After that, there didn't seem to be much to do but doodle a few lace curtains for privacy, in the way Arachne had. It was a consoling thought that the stones were safely cached away, and that any time after the next twelve or thirteen hours she would be able to collect them at her leisure.…

· · · · · 

No one came near the spider room during the evening. Lydia could distinguish various domestic sounds taking place in more or less their usual succession, and culminating in two pairs of footfalls ascending the stairs. And but for physical handicaps, she might have frowned slightly at this point. The ethics of the situation were somewhat obscure. Was Arachne really entitled? Oh, well, there was nothing one could do about it, anyway.

Presently the sound of movement ceased, and the house settled down for the night.

She had half expected that Edward would look in to assure himself of her safety before he went to work in the morning. She remembered that he had done so in the case of other and far less spectacular spiders, and she was a trifle piqued that when at last the door did open, it was simply to admit Arachne. She noticed, also, that Arachne had not succeeded in doing her hair with just that touch that suited Lydia's face.

Arachne gave a little yawn, and came across to the bench.

"Hullo," she said, lifting the jar, "had an interesting time?"

"Not this part of it," Lydia said. "Yesterday was very satisfactory, though. I hope you enjoyed your holiday."

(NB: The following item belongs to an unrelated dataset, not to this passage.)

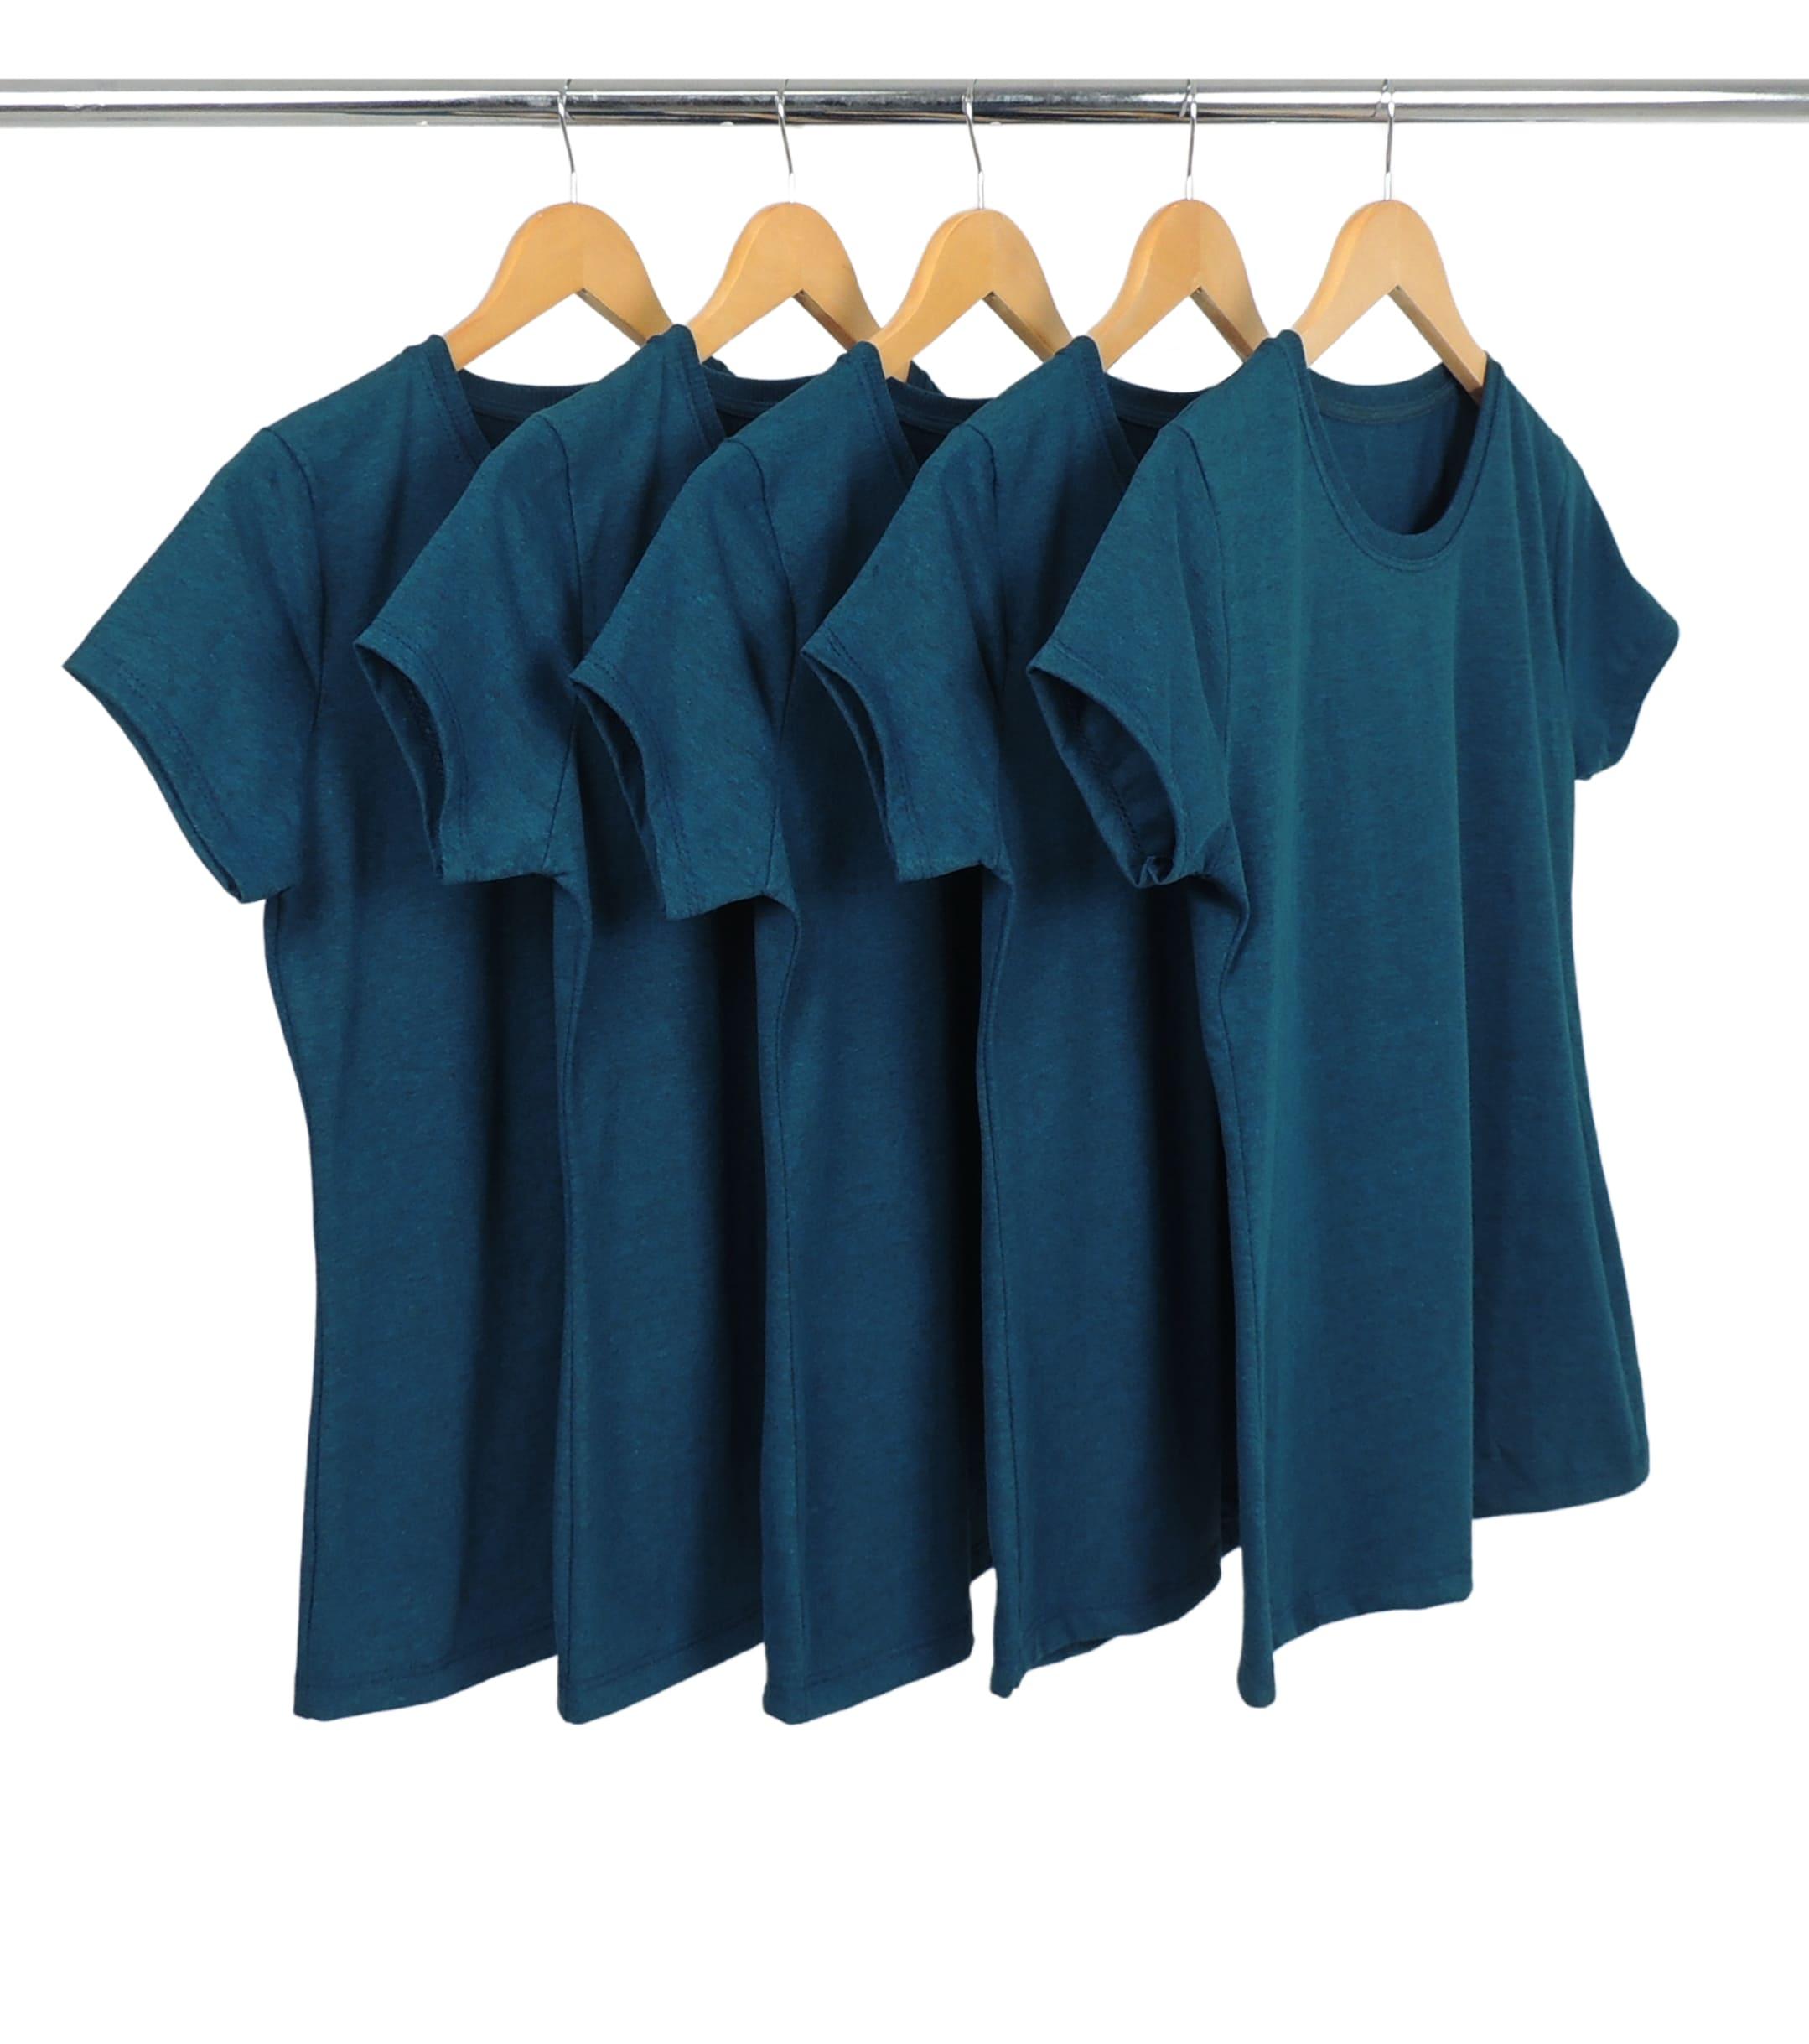 Kit 5 Camisetas Femininas Comfort Mescla Petróleo
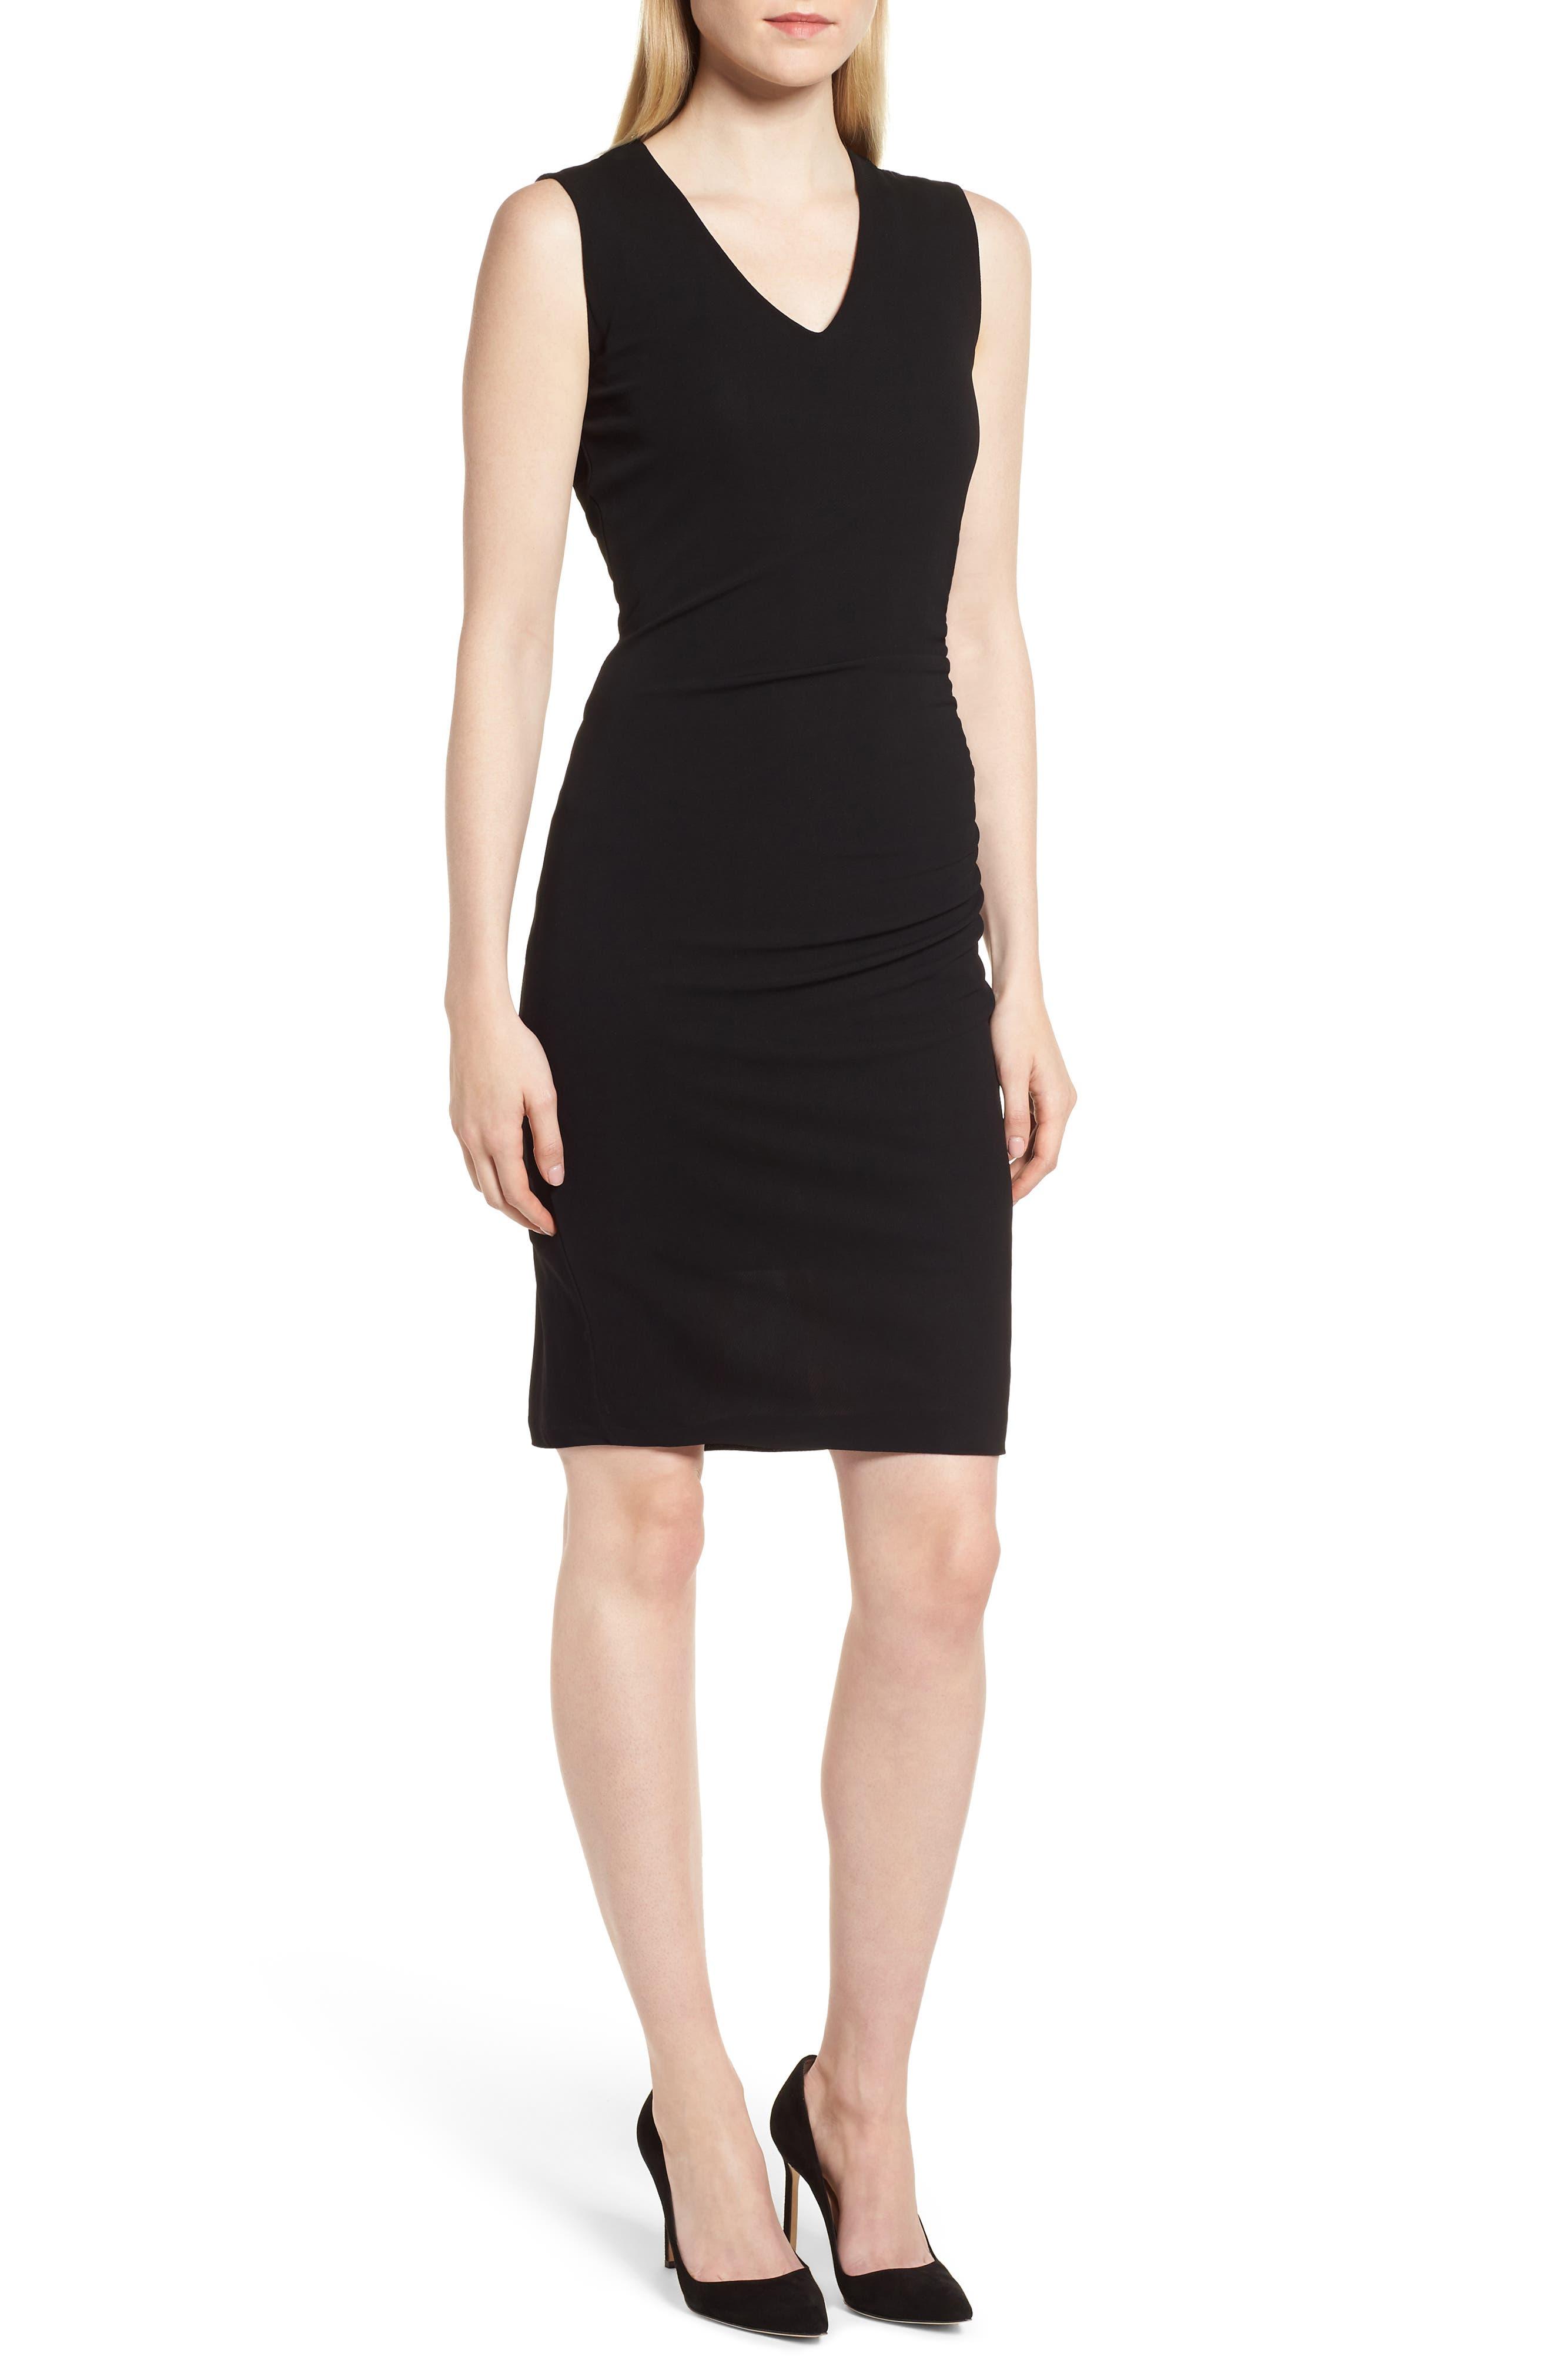 Erela Ruched Sheath Dress,                         Main,                         color, Black

"Yes," said Arachne. "Yes, I had a nice time—though it did somehow seem less of a change than I'd hoped." She looked at the watch on her wrist. "Well, time's nearly up. If I don't get back, I'll have that Athene on my tail. You ready?"

"Certainly," said Lydia, feeling more than ready.

"Well, here we are again," said Arachne's small voice. She stretched her legs in pairs, starting at the front and working astern. Then she doodled a capital A in a debased Gothic script to assure herself that her spinning faculties were unimpaired.

"You know," she said, "habit is a curious thing. I'm not sure that by now I'm not more comfortable like this, after all. Less inhibited, really."

She scuttered over to the side of the bench and let herself down, looking like a ball of brilliant feathers sinking to the floor. As she reached it, she unfolded her legs and ran across to the open door. On the threshold she paused.

"Well, goodbye, and thanks a lot," she said. "I'm sorry about your husband. I'm afraid I rather forgot myself for the moment."

Then she scooted away down the passage as if she were a ball of colored wools blowing away in the draught.

"Goodbye," said Lydia, by no means sorry to see her go.

The intention of Arachne's parting remark was lost on her: in fact, she forgot it altogether until she discovered the collection of extraordinarily knobbly bones that someone had recently put in the dustbin.